» EXERCISE BRIEF:
Look through the data below and output, unchanged, every line from the one holding "Garland E22-36 installation" through the one holding "Photo of THE", inclusive. Skip the pictures.

» RECORD SET:
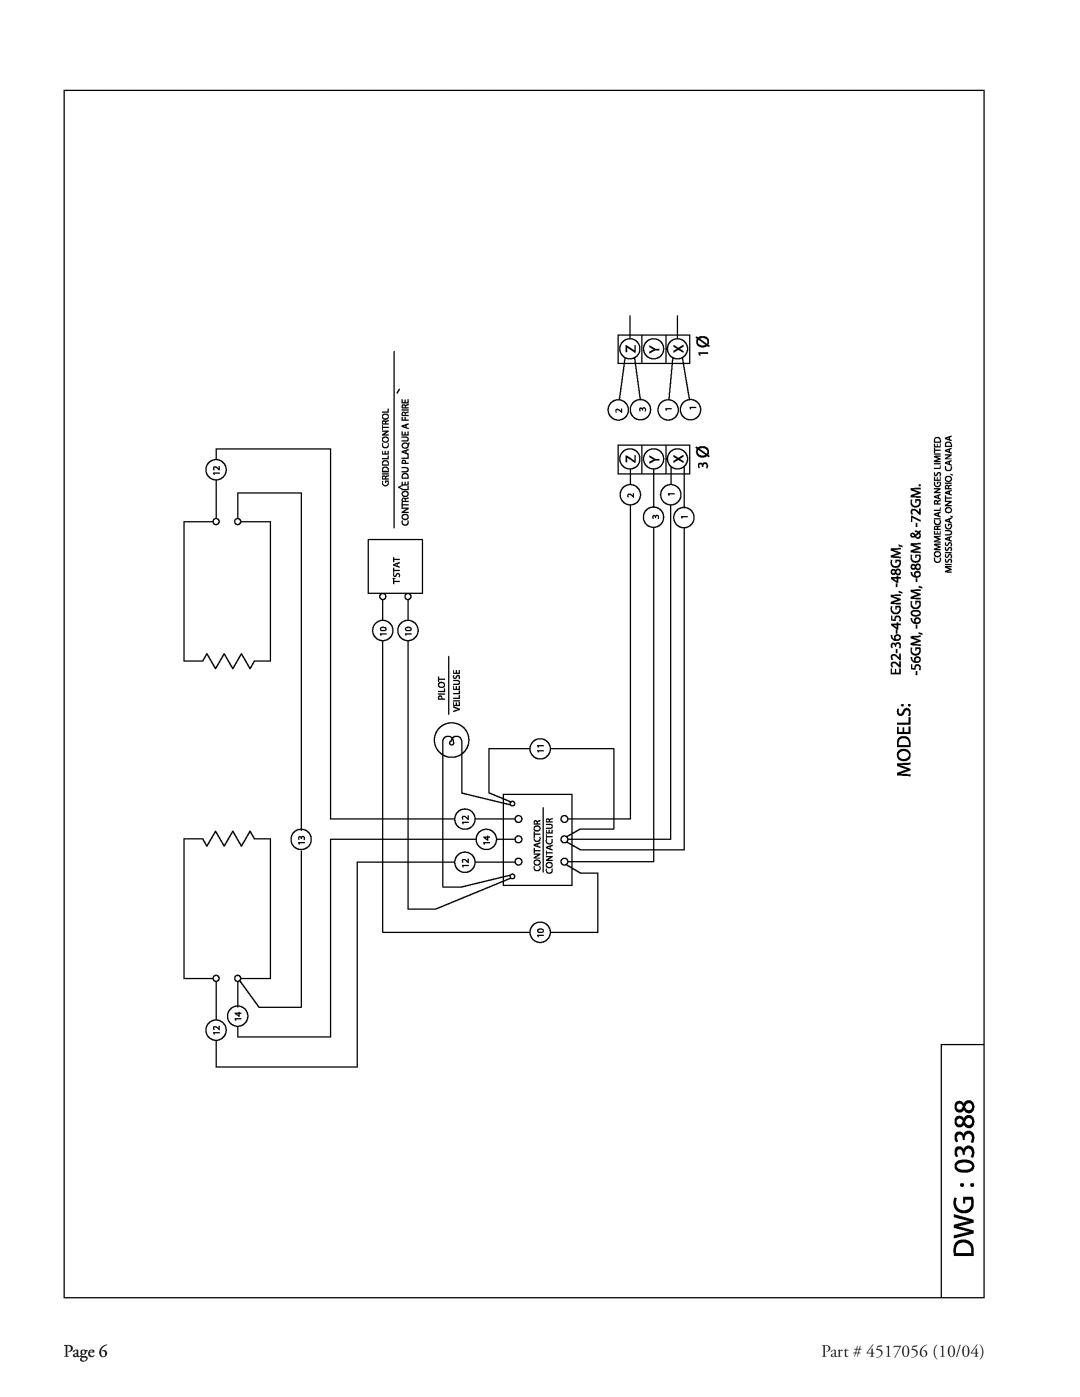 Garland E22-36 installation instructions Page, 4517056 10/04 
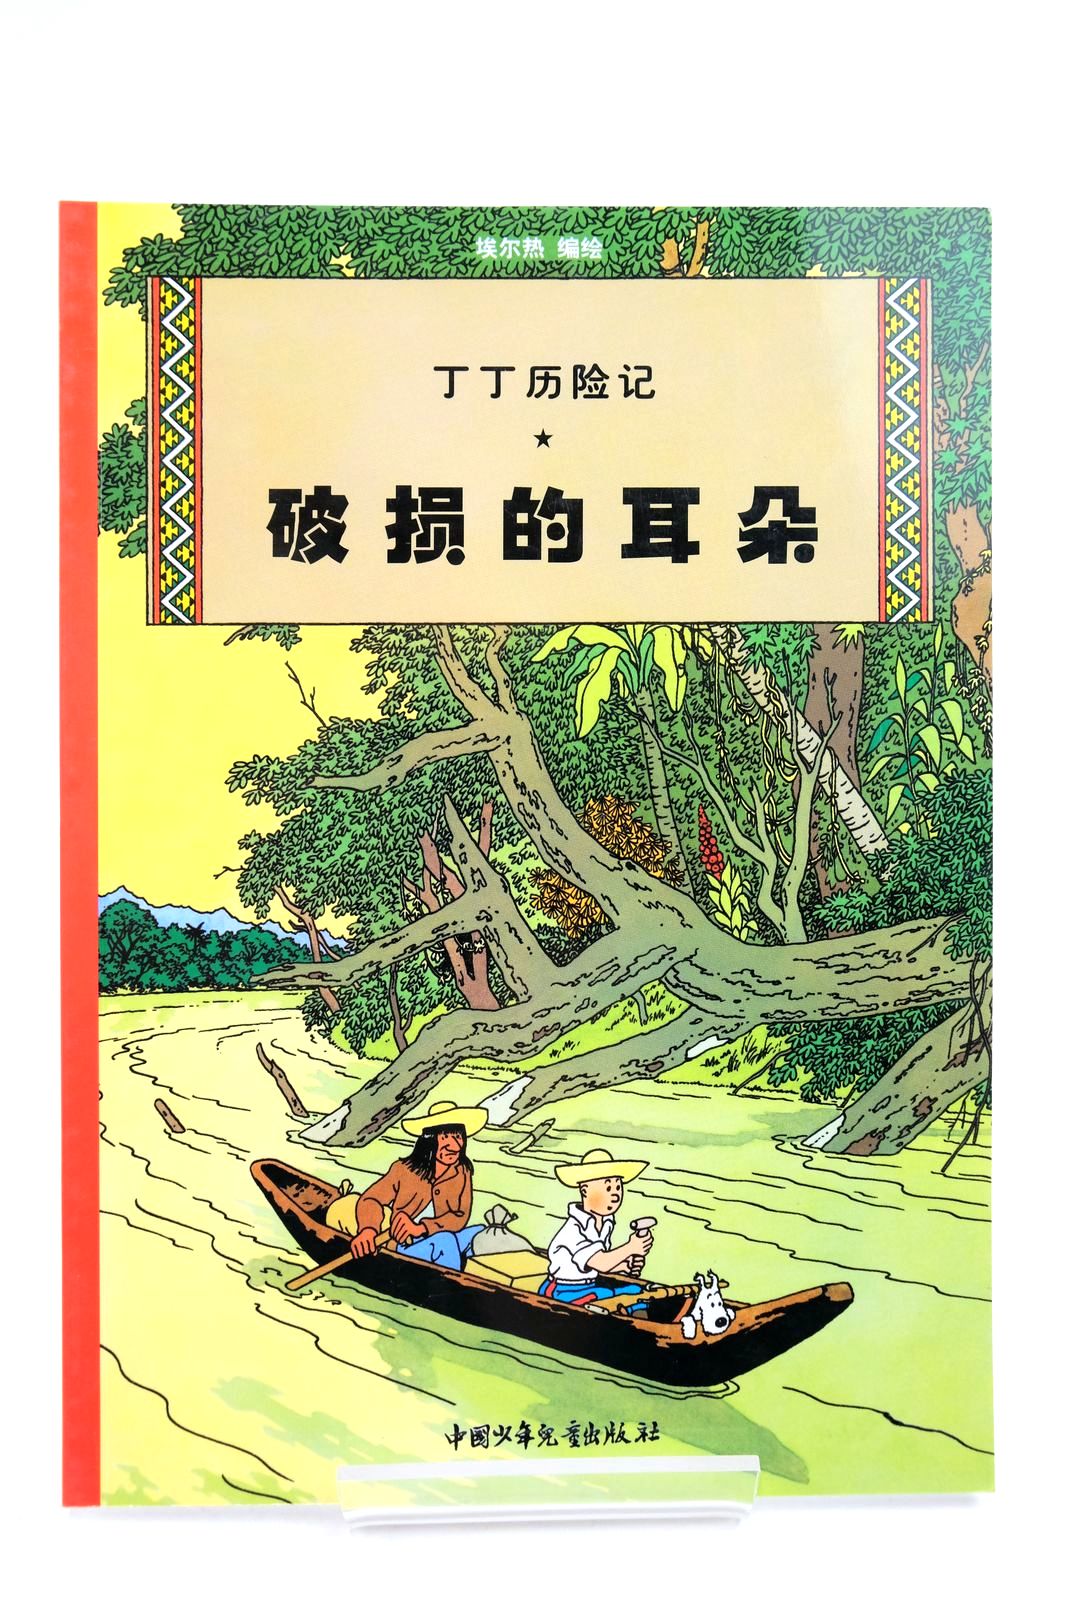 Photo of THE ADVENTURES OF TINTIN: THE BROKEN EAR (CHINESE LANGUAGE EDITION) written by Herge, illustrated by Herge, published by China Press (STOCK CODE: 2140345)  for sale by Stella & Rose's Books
==
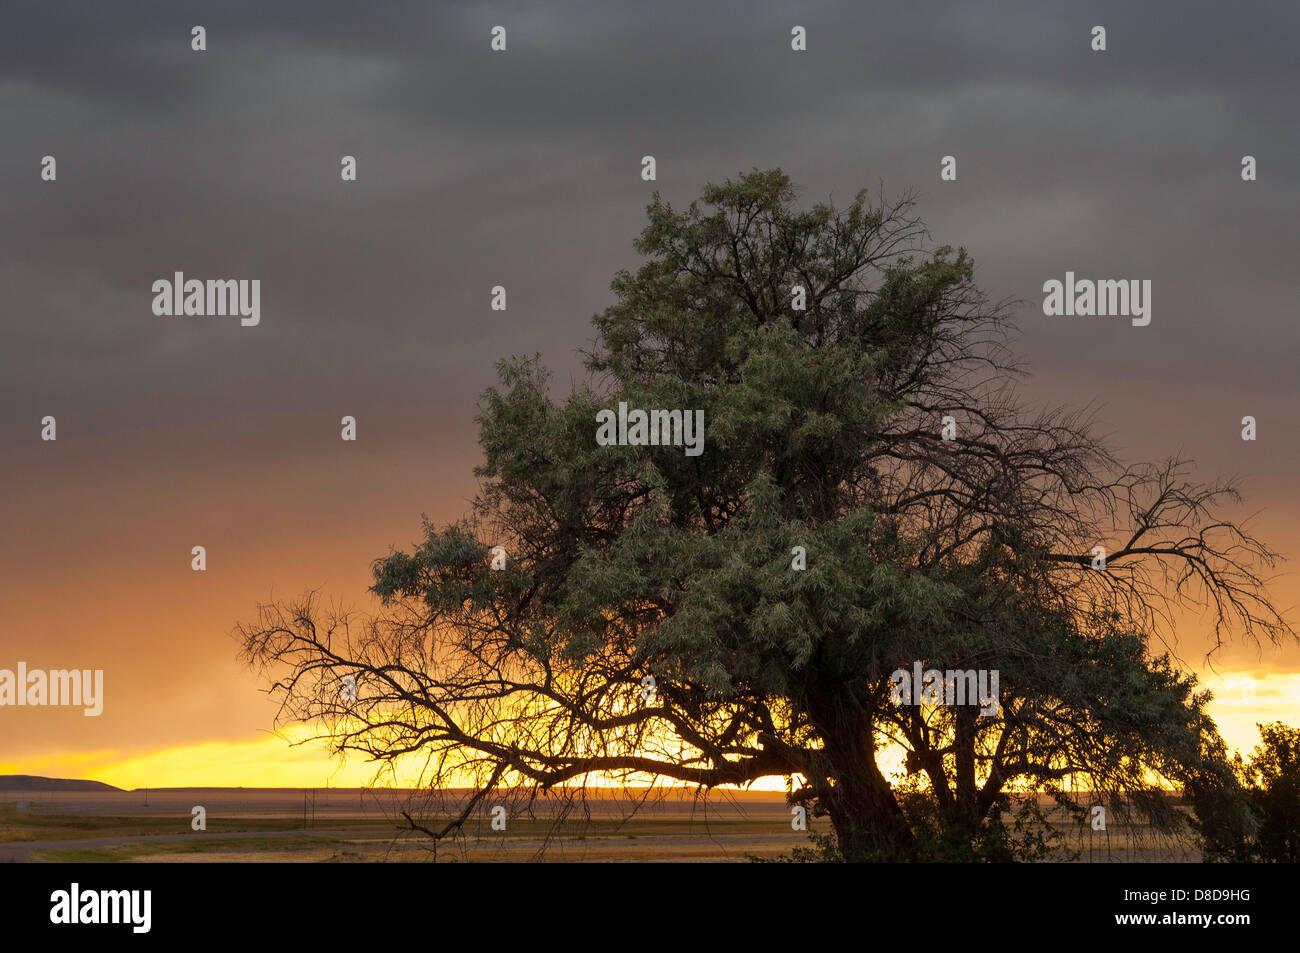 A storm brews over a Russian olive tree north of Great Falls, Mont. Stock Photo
--
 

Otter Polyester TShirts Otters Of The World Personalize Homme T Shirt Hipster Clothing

» EXERCISE SOLUTION:
 Garland E22-36 installation instructions Page, 4517056 10/04 
 Photo of THE ADVENTURES OF TINTIN: THE BROKEN EAR (CHINESE LANGUAGE EDITION) written by Herge, illustrated by Herge, published by China Press (STOCK CODE: 2140345)  for sale by Stella & Rose's Books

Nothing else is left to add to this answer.